In 1961 we were living in Caringbah. A good friend of our family was a motorcycle policeman based at Sutherland. He used to often drop in to our place while on duty and have a cuppa with mum and dad. His name was Wes Jarvis and he had been an attendant at mum and dad’s wedding in 1948. His dad was employed by the Water Board and was the curator of Fort Denison, that outcrop of rock in the middle of Sydney Harbour that had been used as a prison for many years back in the convict days.
He was about 6’6″ tall and built like a brick outhouse and Paul and I, being young boys, idolised him. We used to love listening to his stories of policing and chasing bad guys. At the time he was riding a gleaming Triumph like the one in the picture. Then, one day he turned up at our place but, instead of riding the Triumph, he was riding a BMW like the other bike in the picture. Wes was NOT happy, he hated the thing as did most of the other guys at the station. However, they were stuck with them and so they had to put up and shut up.
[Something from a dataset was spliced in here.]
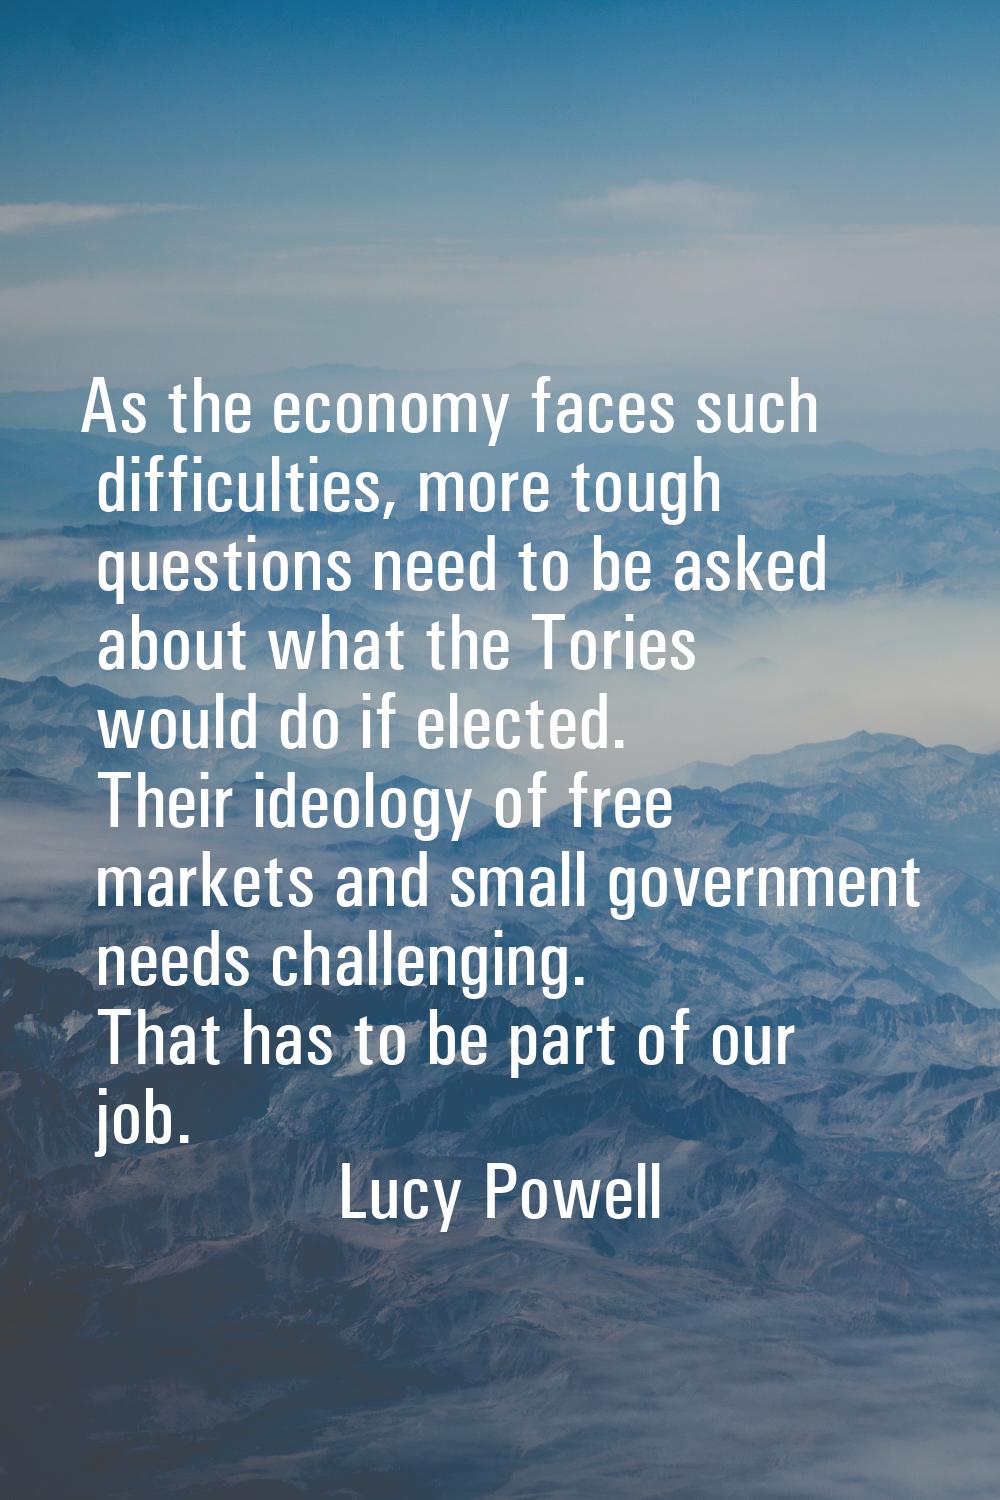 As the economy faces such difficulties, more tough questions need to be asked about what the Tories

After a couple of months, Wes told us that there was a revolt in the offing and that the boys were figuring out a way to get rid of the slow BMWs and get their Triumphs back. And this is how they did it. They would park their bikes on the footpath at known “hot spots” and, when a speeder roared by, they would ride the bike down over the gutter and head off in pursuit. It didn’t take long before this rough treatment started showing up in constant problems with the BMW’s mufflers. Soon the bikes were spending a lot of time in “dock” having their exhausts repaired. It didn’t take very long before the “powers that be” decided that the German bike was just not robust enough for tough Australian conditions and they were withdrawn, replaced by the latest model Triumph. Needless to say, the “boys” ceased their “footpath” antics, the bikes lasted well and more speeding motorists were caught because the Triumph was actually fast enough to do so.
Of such anecdotes is the rich tapestry of motorcycling comprised.